**AIM OF THE TASK:**
Once the pictures are removed, restate the listing word for word.

**DATA SEGMENT:**
--- START ---

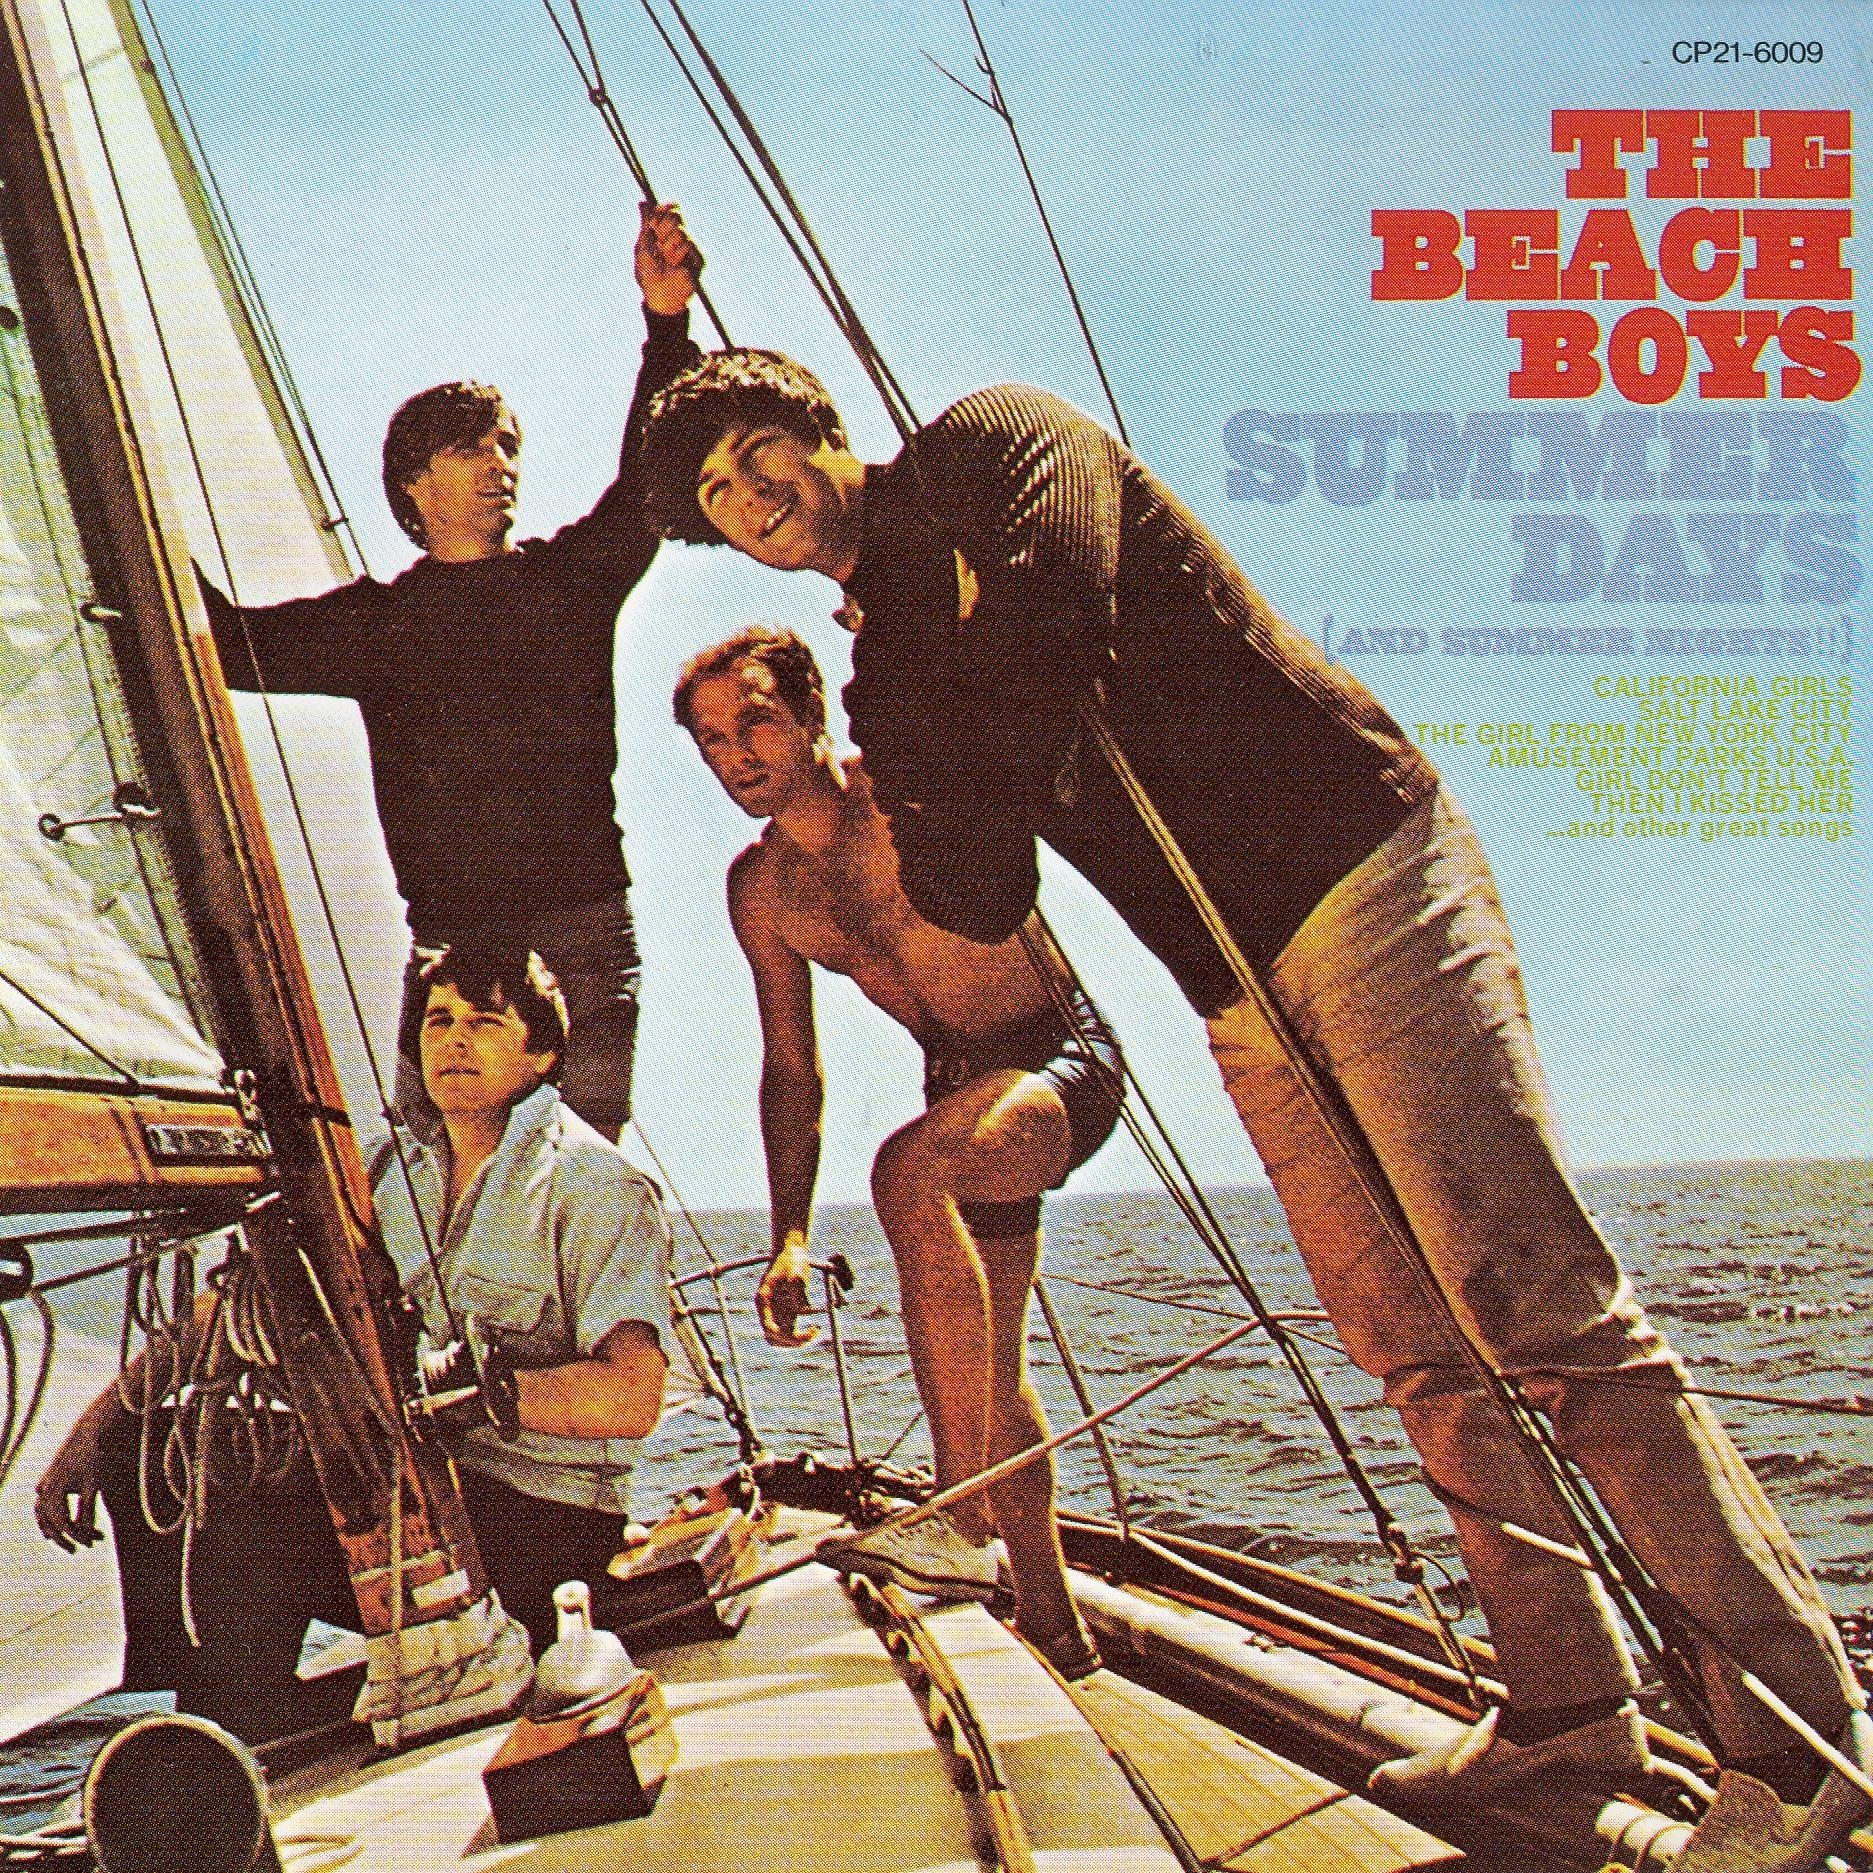 The beach boys Summer days and summer nights
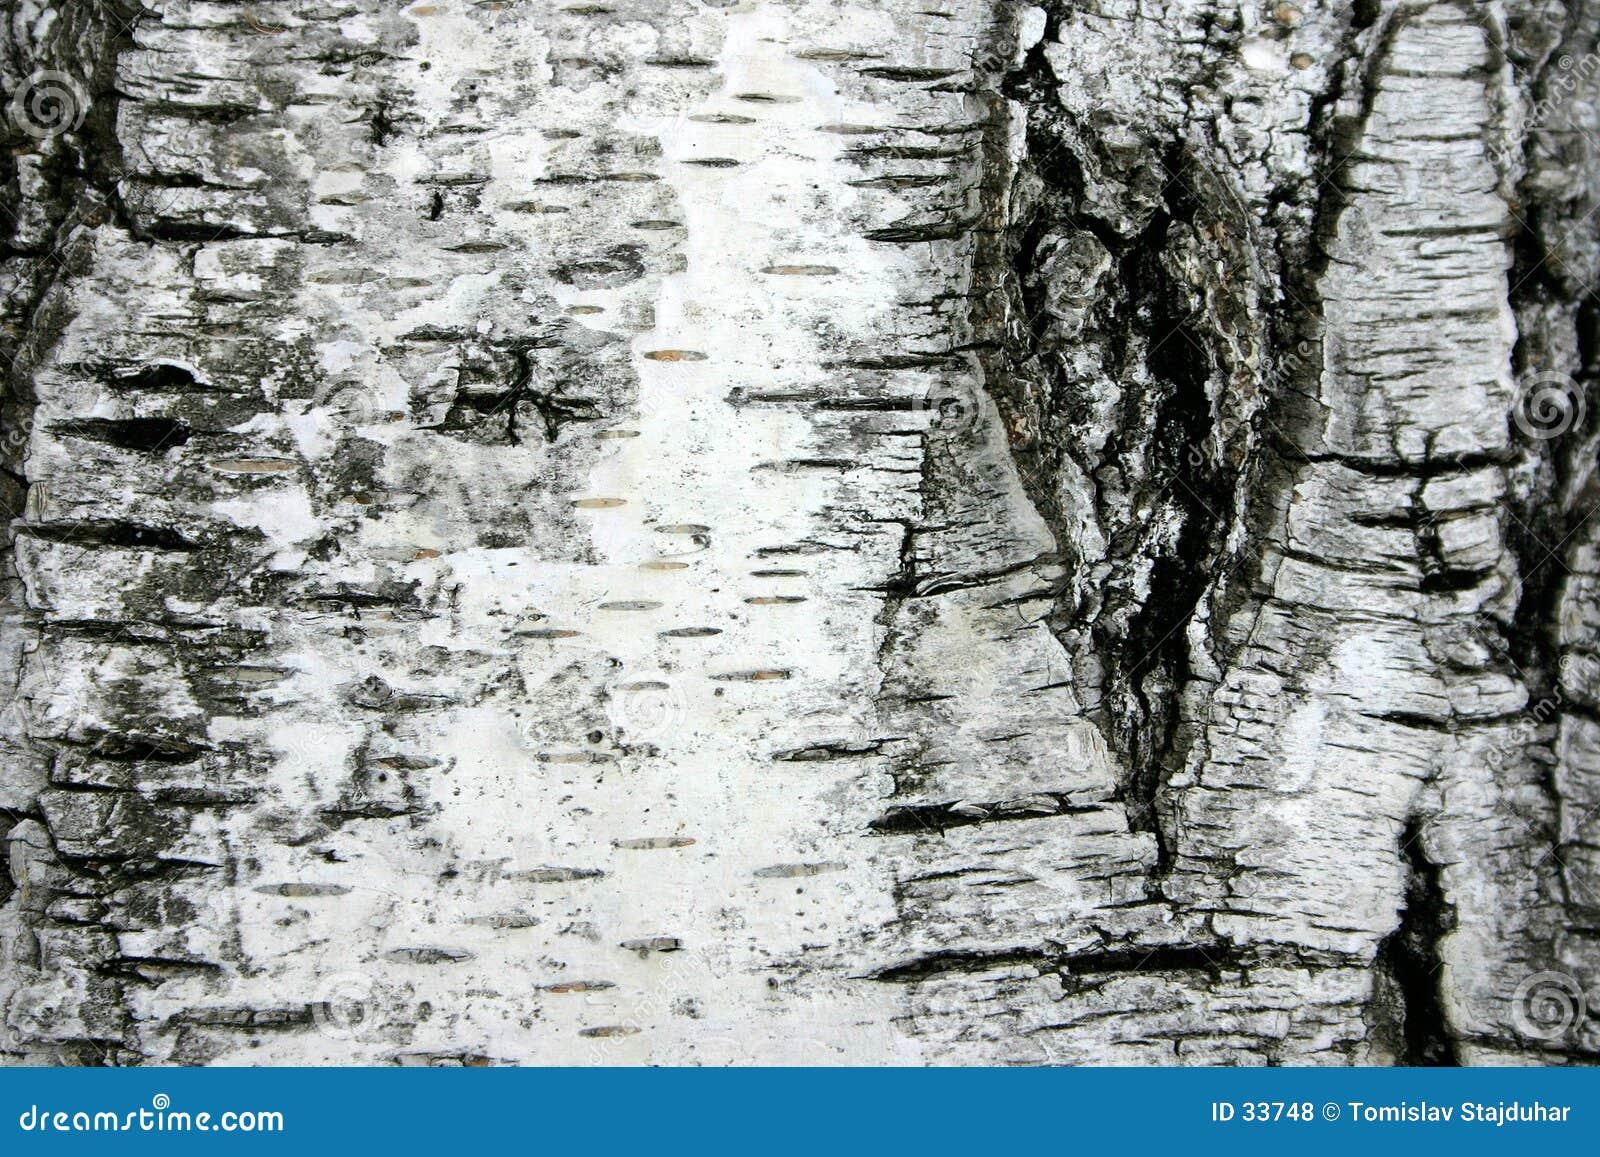 Birch Tree Cortex
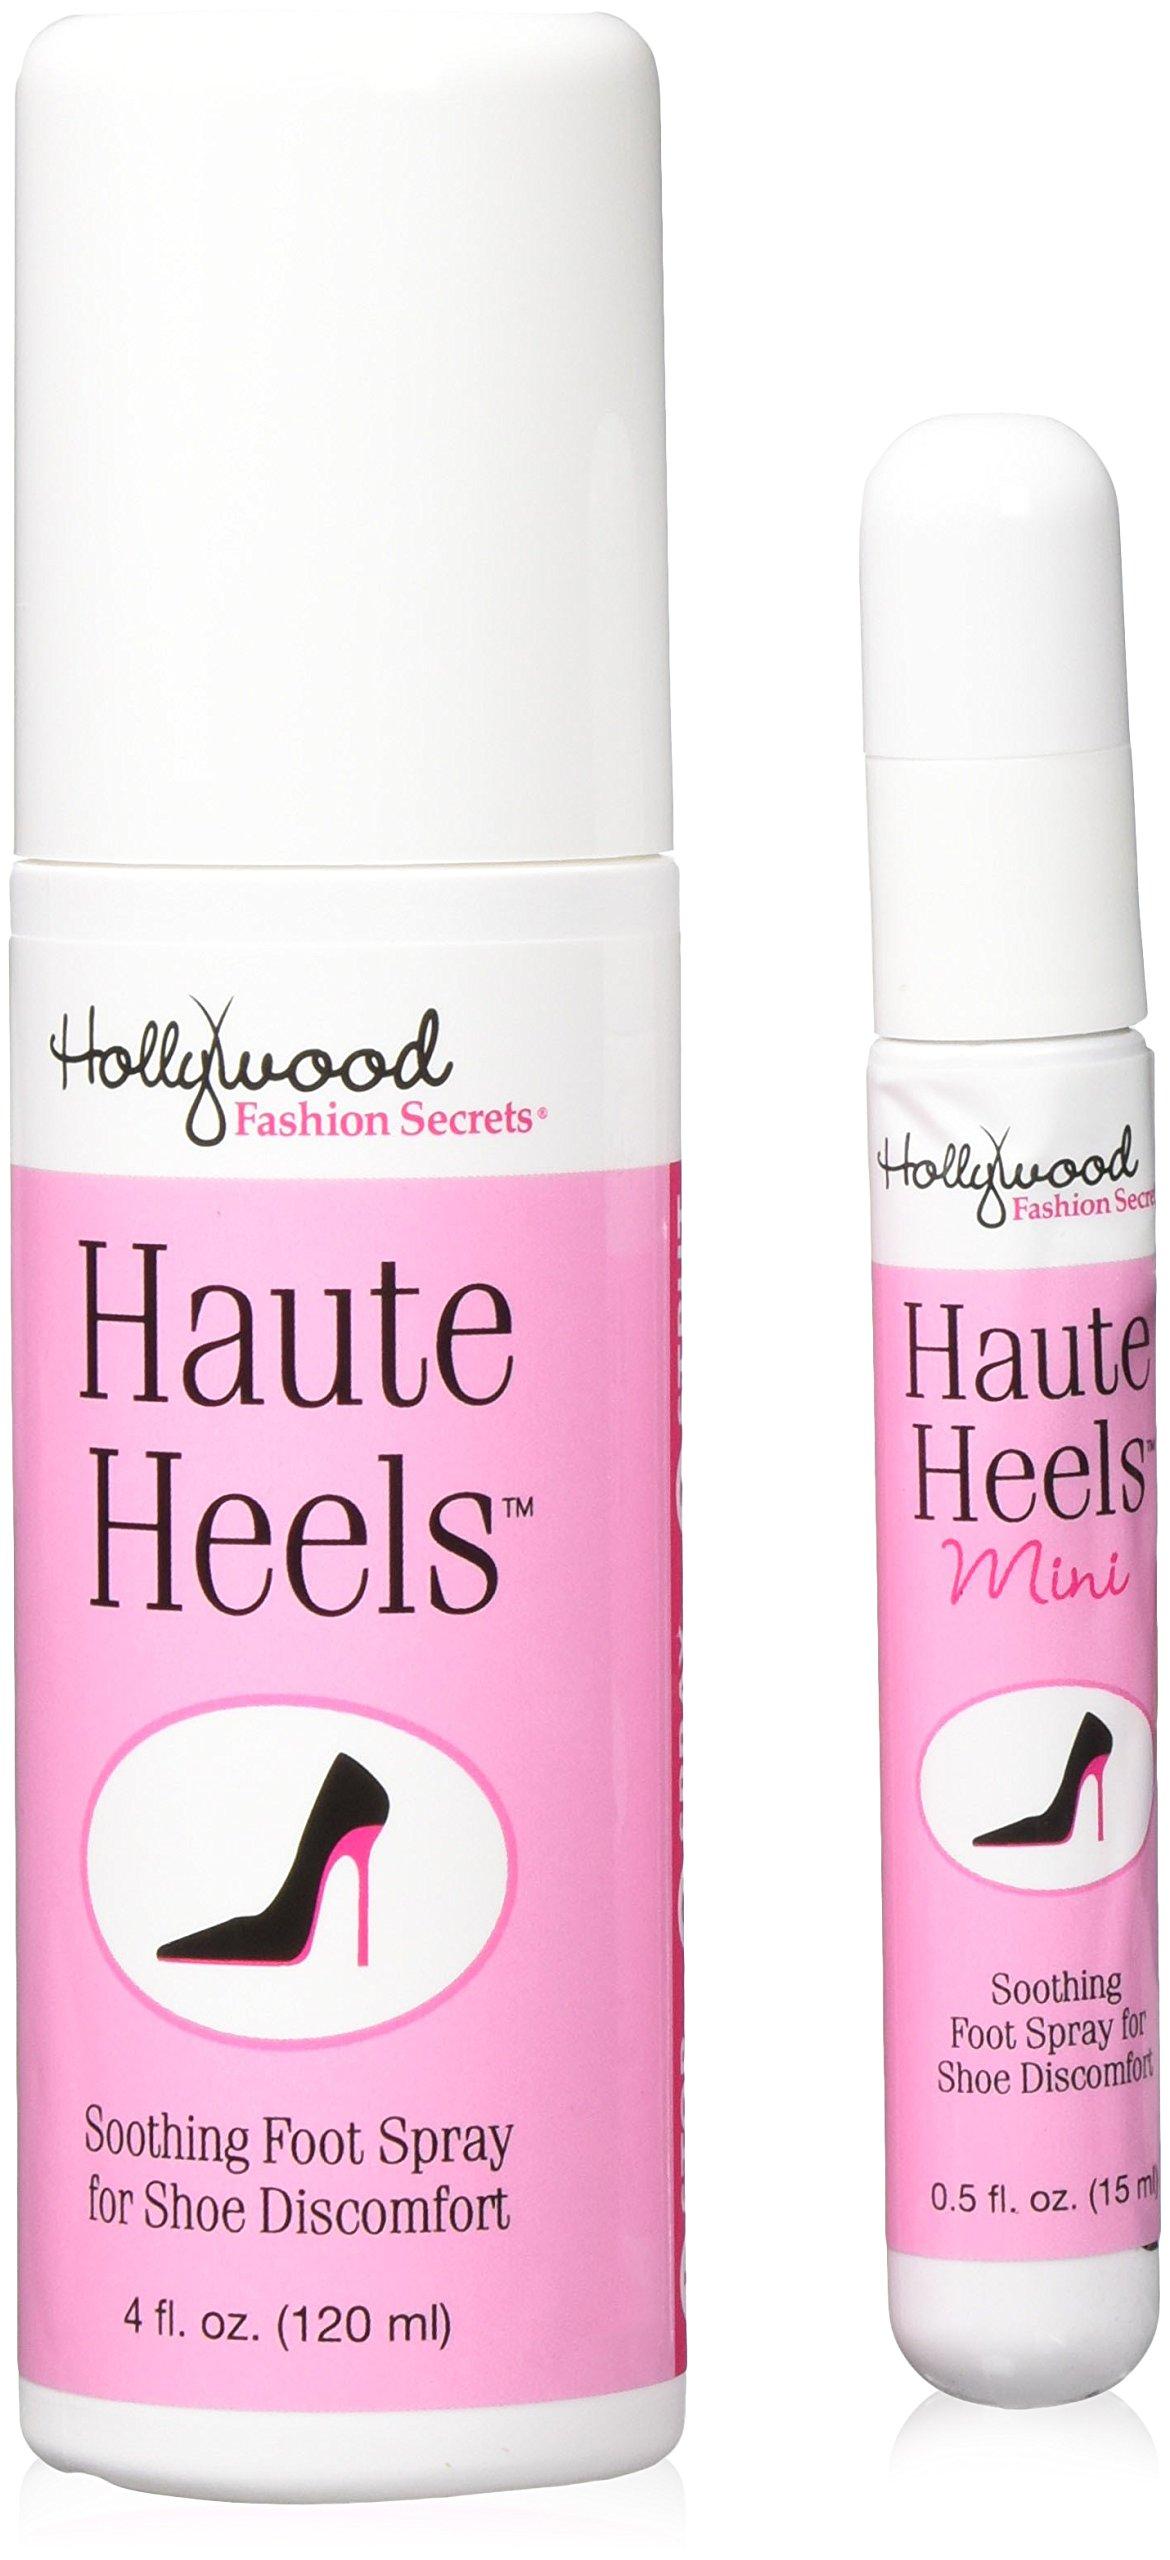 Hollywood Fashion Secrets Haute Heels Value Pack 4 oz & .5 oz

--- END ---

**ANSWER TO THE EXERCISE:**
 The beach boys Summer days and summer nights
 Birch Tree Cortex
 Hollywood Fashion Secrets Haute Heels Value Pack 4 oz & .5 oz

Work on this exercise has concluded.